Jésus venait de heurter une certaine espérance messianique tenace (voir Ac 1,6). La réprimande faite par Pierre est significative.

33

Normalement, le lecteur qui connaît maintenant les signes que Jésus vient d'accomplir dans la première partie de l'évangile réagit comme Pierre: il ne peut comprendre que celui en qui Dieu se manifeste d'une manière aussi éclatante connaisse une destinée si tragique. La croix est un véritable scandale devant lequel nous sommes tous comme des aveugles qui ont besoin d'être guéris. Pierre est appelé « Satan », mot hébreu qui signifie « adversaire », c'est-à-dire adversaire du plan de Dieu. Jésus devra lui expliquer que si les disciples sont appelés à partager sa mission (prêcher le Royaume), ils sont aussi appelés au même destin que lui (8,34).

35

Jésus et la Bonne Nouvelle (1,1 note) sont ici identifiés. Être chrétien et témoigner de l'Évangile, ce n'est pas militer pour des idées d'abord; c'est plutôt vivre d'une personne.
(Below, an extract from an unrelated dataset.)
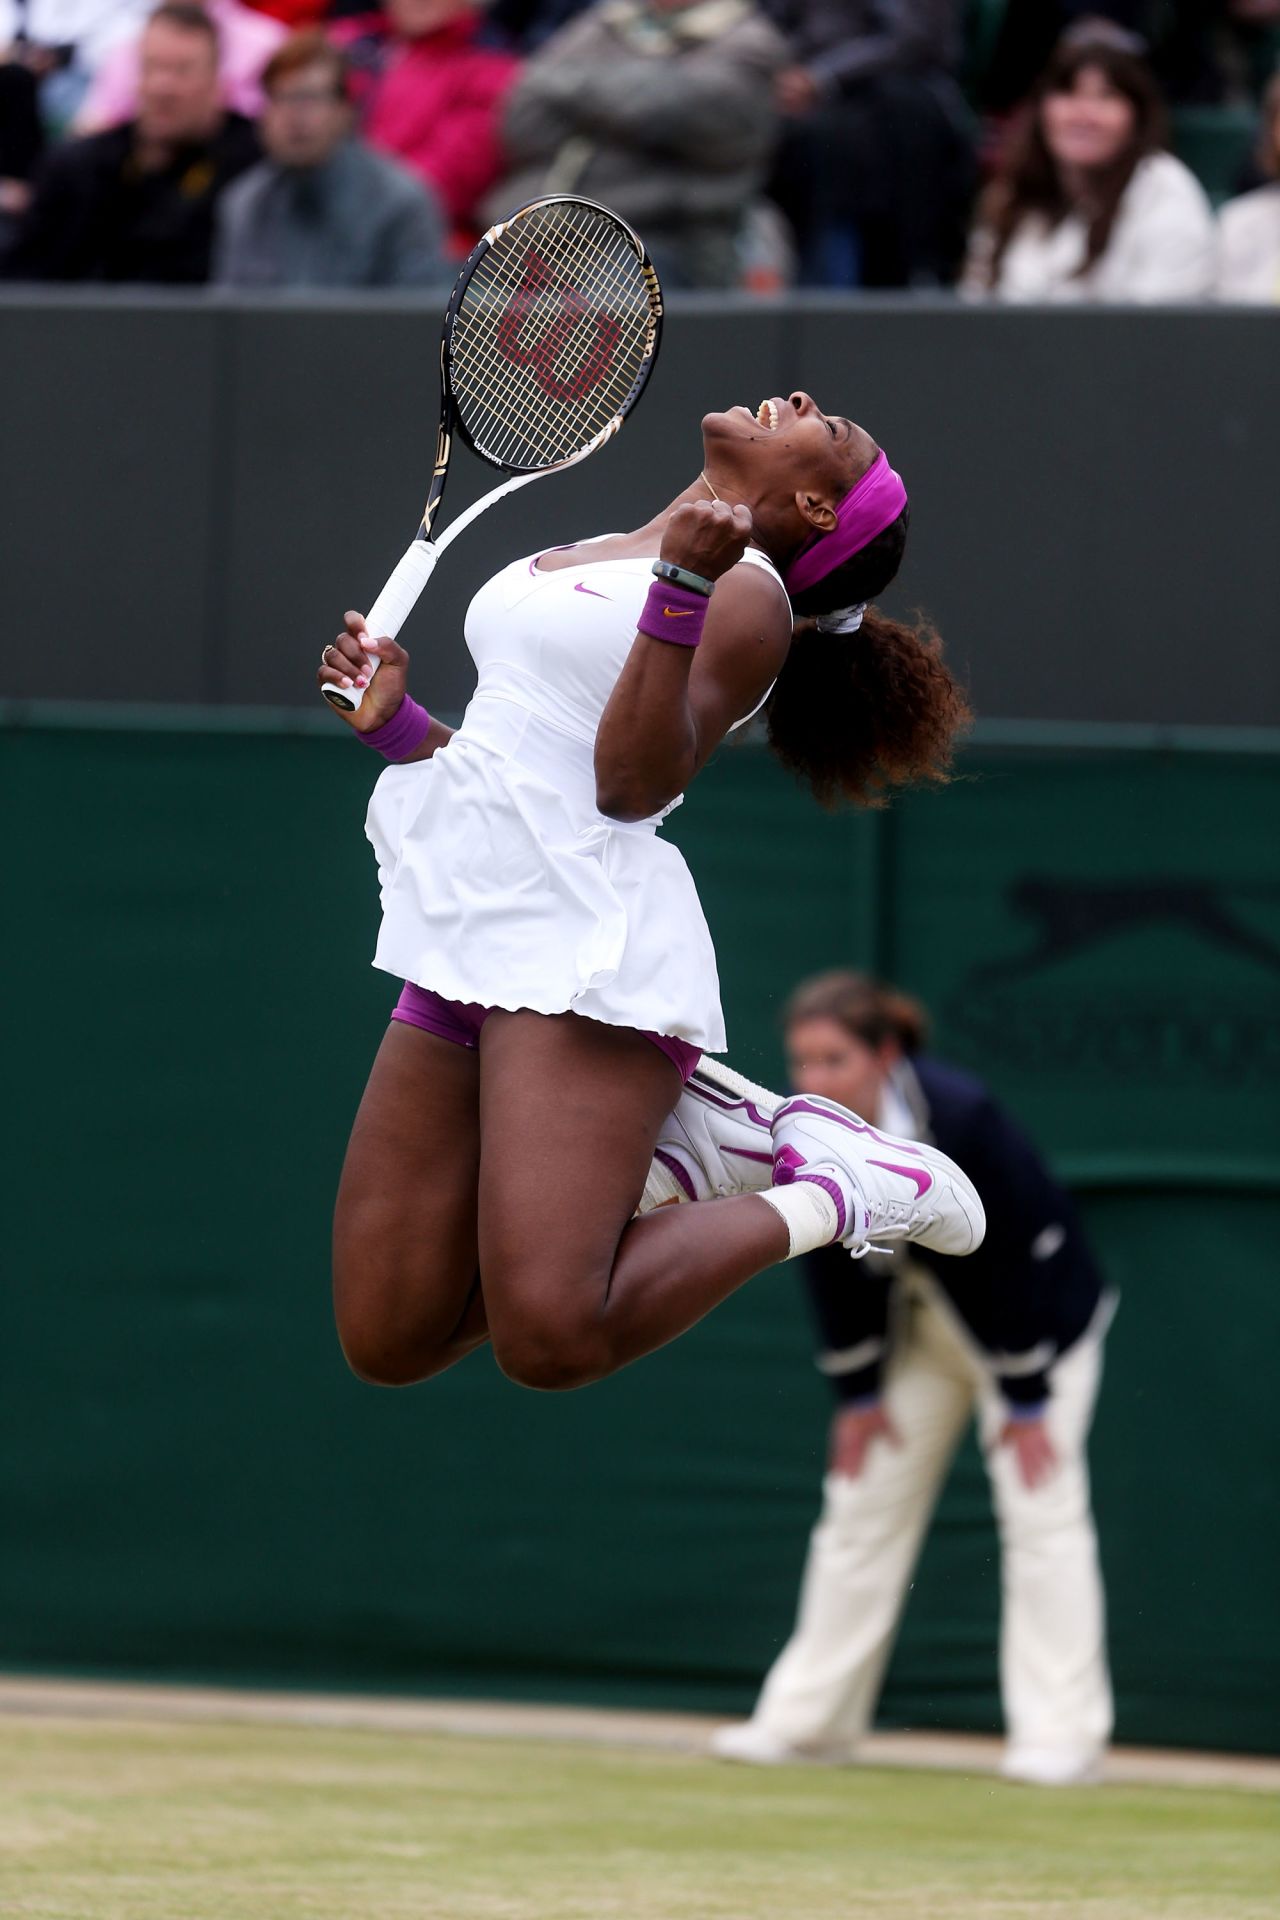 Serena Williams is also through to the last eight as she seeks her first grand slam title since winning Wimbledon for the fourth time in 2010.

Seule la foi en la résurrection de Jésus, qui révèle que la mort du Christ n'est pas un échec, mais une victoire, fait accepter les vues de ce v. 35.
     Celui qui veut sauver sa vie compte sur lui-même pour échapper à la mort physique, qu'il regarde comme la pire épreuve: il ne pourra y échapper; en retour de cette vie perdue, il ne recevra rien. -- Celui qui perd sa vie à cause de Jésus renonce à lui-même, suit Jésus (v. 34), s'en remet par lui au Dieu des vivants (12,27) qui, comme il l'a fait pour Jésus mort en croix (8,34b), lui donnera une vie sans fin (Rm 6,9).

38

Cette parole est un avertissement donné aux chrétiens qui sont tentés d'abandonner la voie sur laquelle ils se sont engagés. Une telle tentation se présentera souvent à cause des persécutions dont ils seront l'objet comme témoins du Christ-Jésus s'identifie au Fils de l'homme qui présidera au jugement dernier (Mt 19,28; Mc 13,26-27).